(Bloomberg) — U.S. economic growth looks set to fuel inflation that’s even faster than most analysts anticipate in the first part of 2022, according to a trader who correctly picked this year’s jump in bond-market expectations for consumer-price gains.
Semin Soher Power, who heads Bank of Ireland Group Plc’s inflation-trading desk in Dublin, is forecasting that the year-on-year rate of increase in the U.S. consumer-price index will move above 7% in the first quarter. That’s above the most recent reading of 6.8% for November and higher than the 6.3% median estimate of analysts surveyed by Bloomberg for the first part of 2022.
Inflation pressures “are much more growth-based right now” and not simply a result of higher energy prices or a reopening of economies from lockdown measures, she said in an interview with Bloomberg Television Thursday. And she says both markets and central banks are cognizant of that, pointing to the Federal Reserve’s decision to move past using the term “transitory” to describe inflation pressures.
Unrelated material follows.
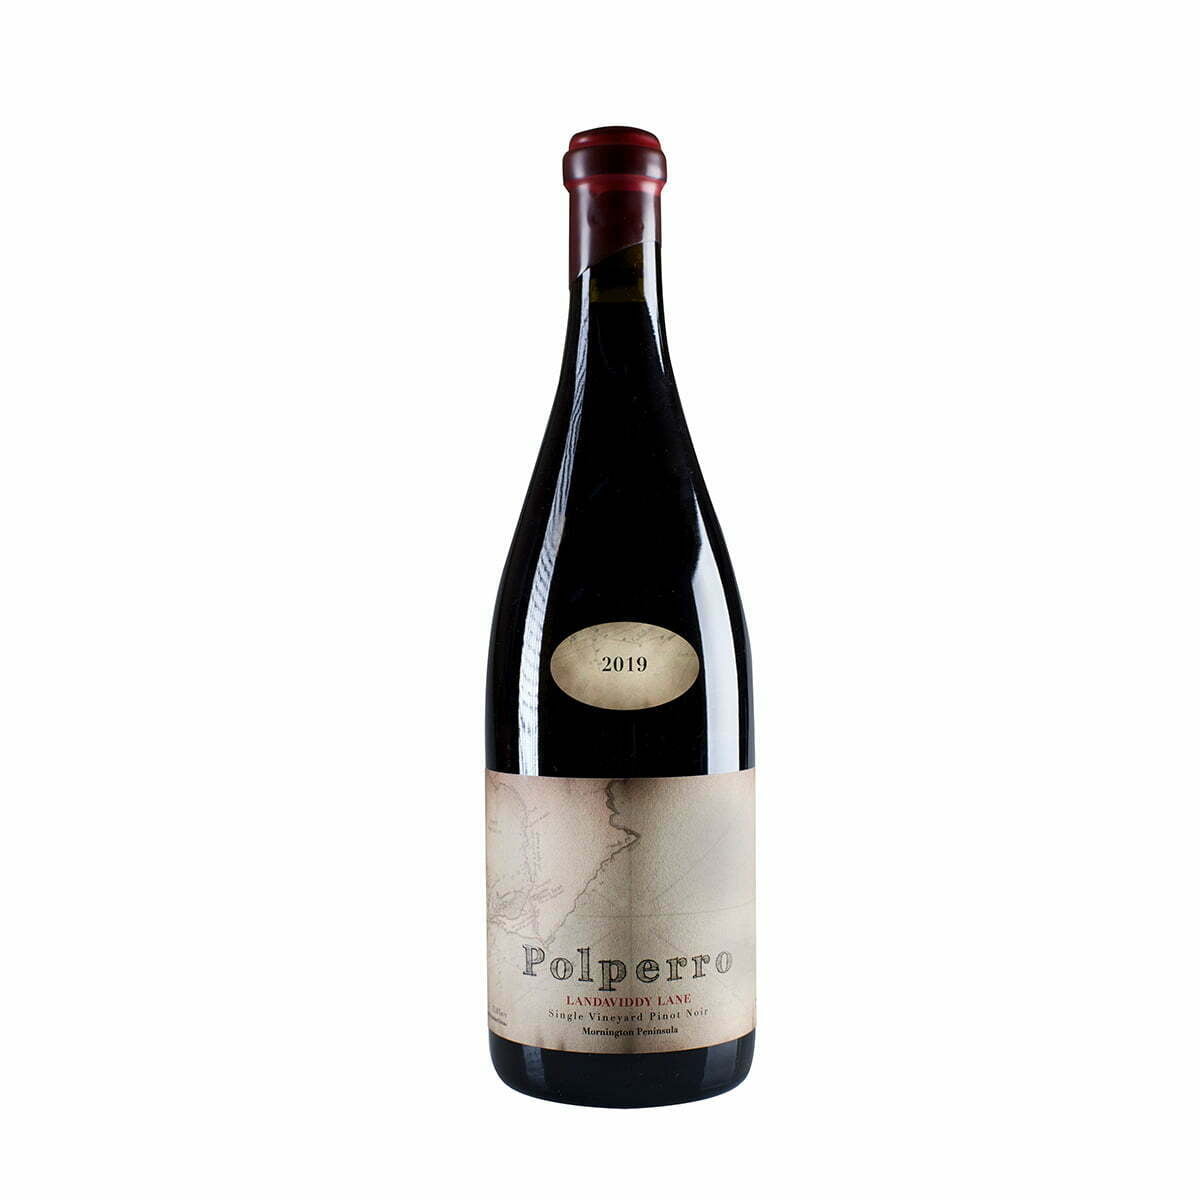 Polperro Landaviddy Lane Pinot Noir 2019

Concern about inflation has prompted central banks around the world to adopt sterner policies to combat price pressures even as uncertainty around the Covid pandemic has picked up once again. Some have surprised markets with unexpected or larger-than-anticipated interest-rate increases, while the Federal Reserve — the world’s pre-eminent monetary authority — this month announced plans to speed its stimulus withdrawal, potentially paving the way for earlier hikes in America too.
Markets responded to the Fed’s hawkish pivot by bolstering the amount of tightening they expect, although the magnitude of rate increases they expect over the longer horizon is below the median forecast of Fed officials outlined alongside the most recent policy decision. Traders also appear to be showing some confidence that policy will help keep inflation in check, with so-called breakeven rates — bond market measures for the outlook that draw on the pricing of CPI-linked debt — pulling back in recent weeks.
The five-year breakeven rate on Treasuries is currently around 2.76%. And while that’s still above the Fed’s own target for inflation, it’s well below the multi-decade high of 3.25% it was at just over a month ago.
“Central banks are changing their reaction functions and prioritizing inflation risks over downside growth risks also coming from the omicron wave,” said Soher Power.